Story of Psychology - Morton Hunt [224]
Among the more interesting developments in the field has been the study of the influence of personality on “well-being” (the general sense of contentment) in the middle and later years. Paul T. Costa and Robert R. McCrae, working with people enrolled in the Baltimore Longitudinal Study of Aging, a long-running research project of the National Institute on Aging, found that extraverts, who score high on such traits as sociability, general activity, and “ascendance” (similar to dominance), were happier in midlife and beyond than most introverts. They also found that people who score low on neuroticism adapted better to the changes of middle age and old age than people who score high on neuroticism (measured by such traits as chronic anxiety, hostility, self-consciousness, and impulsiveness). The latter were likely to see the problems of middle age as a crisis, worry about their health, be frustrated and disappointed by retirement, and be at risk for depression and despair.83
What can one do to counteract such personality handicaps? Costa and McCrae suggested that psychotherapy could help, but to a limited extent, since the data of the Baltimore and other studies indicated that personality traits are relatively stable in adult life. Still, they said that even a modest improvement in well-being is as worthwhile as a modest improvement in the control of a serious physical disease.

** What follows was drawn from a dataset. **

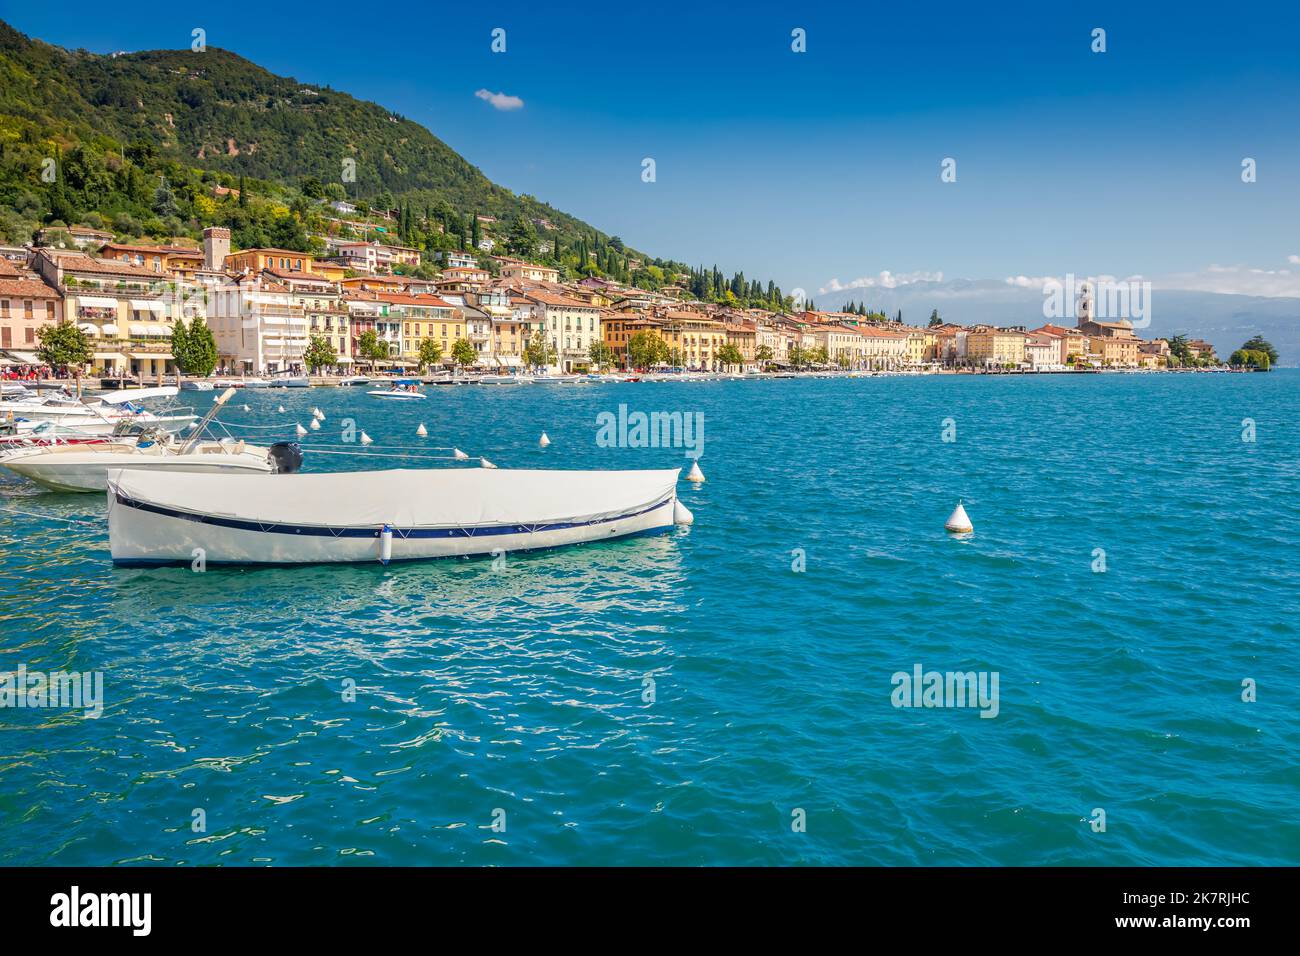 Idyllic lake Garda coastline and mediterranean village with sailboats, Italy Stock Photo

Physical diseases of many kinds, according to much recent research, originate in or are exacerbated by certain traits of personality. Two important studies, appearing in 1975 and 1980, produced survey evidence that people with the so-called Type A personality (competitive, striving, hostile, and driven) are likely to develop coronary heart disease. Many later studies of the matter somewhat qualified but did not negate the finding.84
More generally, Martin Seligman and his colleagues Christopher Peterson and George Vaillant offered evidence in 1988 that one’s explanatory style affects one’s health. On the basis of data yielded by a thirty-five-year longitudinal study of Harvard graduates, they concluded that people who customarily have a pessimistic or negative interpretation of life fall ill more often than optimists and have shorter life expectancies. They saw psychotherapy—particularly short-term cognitive therapy—as a useful antidote. As we have already seen, Seligman has gone on to develop the doctrine that cognitive training can convert a negative explanatory style to a positive one, with beneficial effects on physical and mental health, this being the core of his present system of Positive Psychology.85
Hans Eysenck, reviewing the results of a number of personality and health studies, including some he himself conducted, said that the “dramatic results…point to a very strong connection between certain personalities and specific diseases.” He noted that many physicians have associated cancer-proneness with the inability to express anger, fear, or anxiety, and with feelings of hopelessness, helplessness, and depression, and that longitudinal studies show many of the same traits to be associated with heart disease. On the basis of these data, Eysenck and a collaborator, a Yugoslavian psychologist named Ronald Grossarth-Maticek, conducted an experiment in preventive medicine, with the following extraordinary results:
[We] tried to use behavior therapy to teach cancer- and heart disease–prone people to express their emotions more readily, to cope with stress, to wean them of their emotional dependencies, and to make them more self-reliant. In other words, we taught them to behave more like the healthier personality types.
100 people with cancer-prone personalities were divided into two groups: 50 who received no therapy and 50 who did receive it. After 13 years, 45 people who got therapy were still alive. Only 19 were alive in the no-therapy group.
We tried a similar experiment with 92 heart disease-prone people, divided into therapy and no-therapy groups.